Maia had called Magnus and asked if she could come and visit him, to ask his advice on a few things. When she showed up, she'd dragged Lily along with her.

  Lily, Maia, and Magnus then sat around Magnus's coffee table shouting at each other for hours.

  "You can't just kill someone, Lily!" Maia kept saying.

  Lily kept saying: "Explain why."

  Alec had been cranky that day, having wrenched his arm almost out of its socket during a fight with a dragon demon. He'd been leaning against the kitchen counter, listening, nursing his arm, and texting Jace messages like Y DO U SAY THINGS R XTINCT WHEN THINGS R NOT XTINCT and Y R U THE WAY THAT U R.

  Until he ran out of patience.

  "Do you know, Lily," he said in a cold voice, putting down his phone, "that you spend more than half the time you are speaking baiting Magnus and Maia, instead of offering suggestions? And you make them spend about the same amount of time arguing you down. So you're making everything last twice as long. Which means you're wasting everyone's time. That's not a really efficient way for a leader to behave."

  Lily was so startled she looked almost blank for a moment, almost truly young, before she hissed: "Nobody asked you, Shadowhunter."

  "I am a Shadowhunter," said Alec, still calm. "The issue you're having with the mermaids. The Rio de Janeiro Institute was having the same problem a couple of years ago. I know all about it. Do you want me to tell you? Or do you want to end up with half a dozen tourists on a boat to Staten Island drowned, at least that many Shadowhunters asking you embarrassing questions, and a little voice in your head saying, 'Wow, I wish I'd listened to Alec Lightwood when I had the chance'?"

  There was a silence. Maia had put an entire cookie into her mouth as they waited. Lily kept her arms crossed and looked sulky.

  "Don't waste my time, Lily," Alec said. "What do you want?"

  "I want you to sit down and help me, I suppose," Lily grumbled.

  Alec had sat down.

  Magnus had not expected the meetings to happen more than a few times, let alone to see a rapport spring up between Alec and Lily. Alec had not been entirely comfortable with vampires, once. But Alec always responded to being relied on, being turned to. Whenever Lily came to him with a problem, at first haughtily and with an air of reluctance and later with demanding confidence, Alec did not rest until he had solved it.

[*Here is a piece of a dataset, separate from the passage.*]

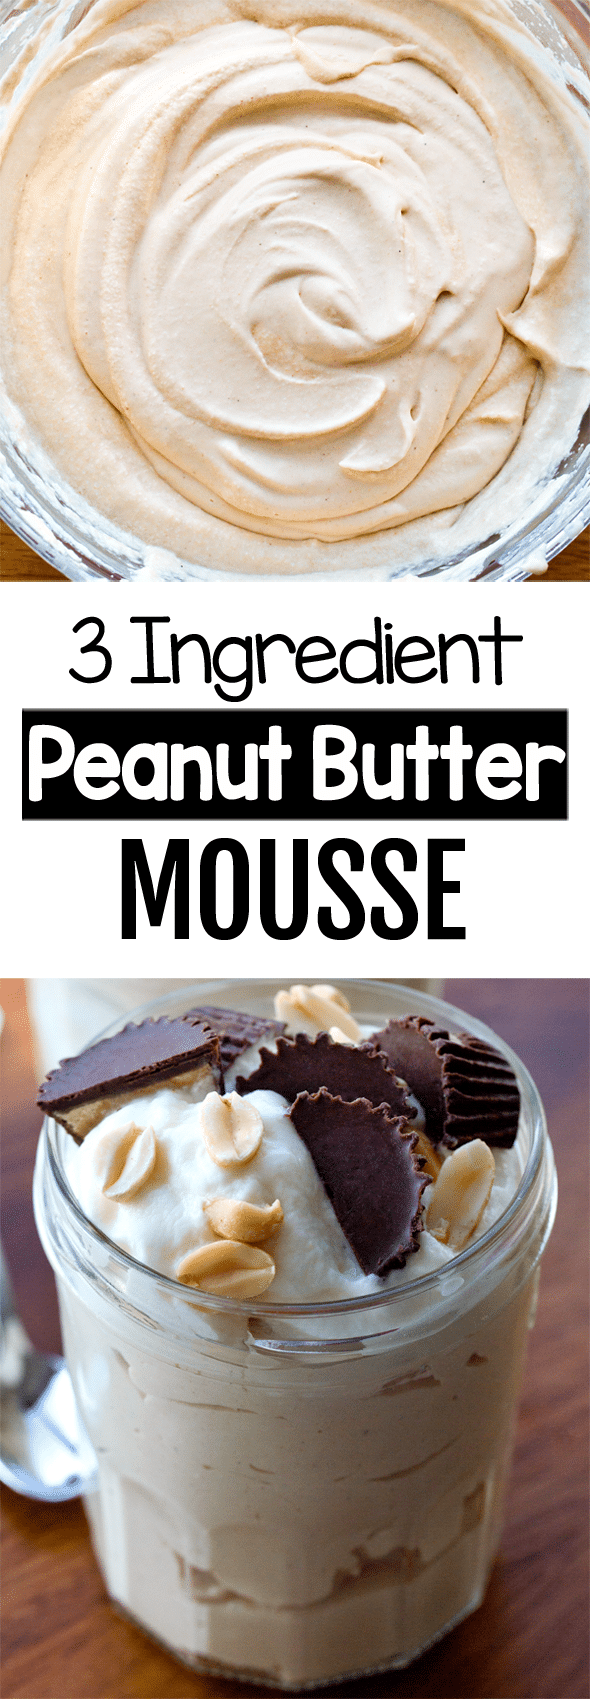 3 Ingredient Peanut Butter Mousse Recipe

  One Thursday evening Magnus had heard the doorbell and walked in from the bedroom to find Alec laying out glasses, and realized that the occasional emergency gatherings had become regular meetings. That Maia and Lily and Alec would unroll a map of New York to pinpoint problem areas and have heated debates in which Lily made very nasty werewolf jokes, and each of them would call the other when they had a problem they did not know how to solve. That Downworlders and Shadowhunters alike would come to New York knowing there was a group with Downworlders and Shadowhunters who had power and would cooperate to solve problems. They would come to consult and find out if the group could help them, too.

  Magnus realized that this was his life now, and he would not have it different.

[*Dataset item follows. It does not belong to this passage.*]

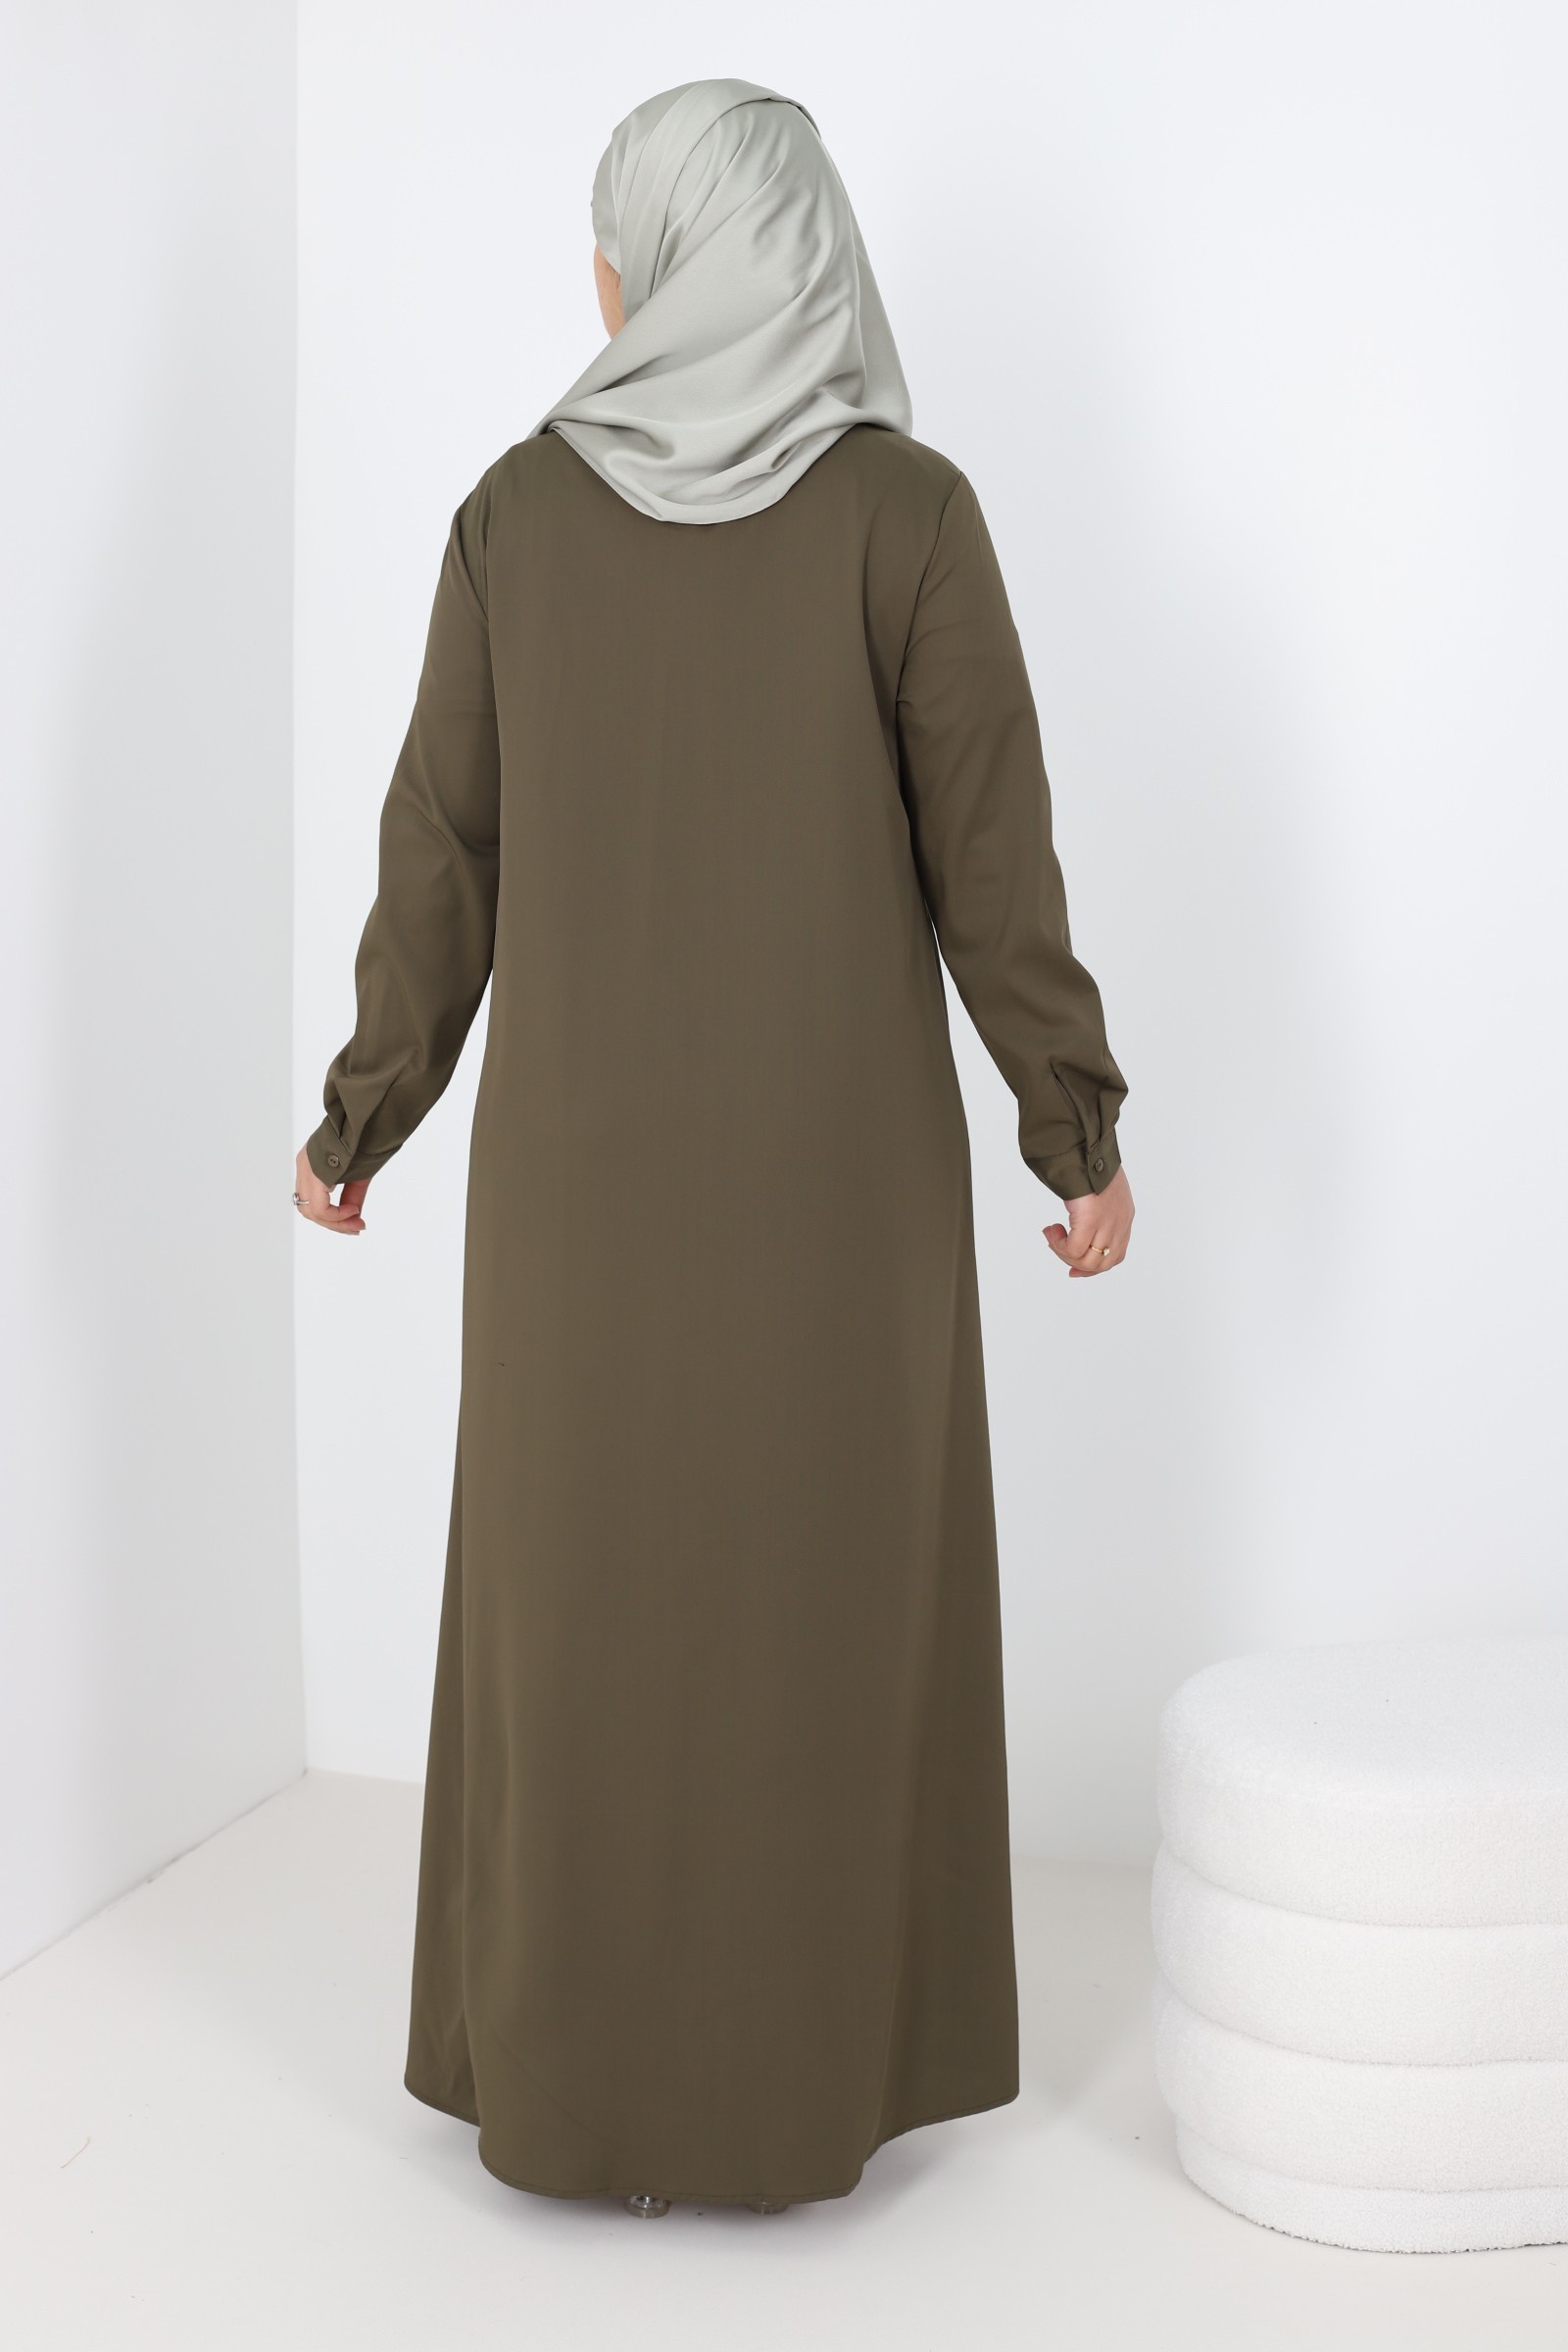 Party long sleeve dress for muslim women

  "I like Alec so much," Lily told Magnus at a party months later, slightly drunk and with glitter in her hair. "Especially when he gets snippy with me. He reminds me of Raphael."

  "How dare you," Magnus had replied. "You are speaking of the man I love."

  He was bartending. His tuxedo had a glow-in-the-dark waistcoat, which made bartending in the artful gloom of the party somewhat easier. He'd spoken without thinking, casually, and then stopped, glass in his hand winking turquoise in the party lights. He'd been talking about Raphael easily, casually insulting, as if Raphael were still alive.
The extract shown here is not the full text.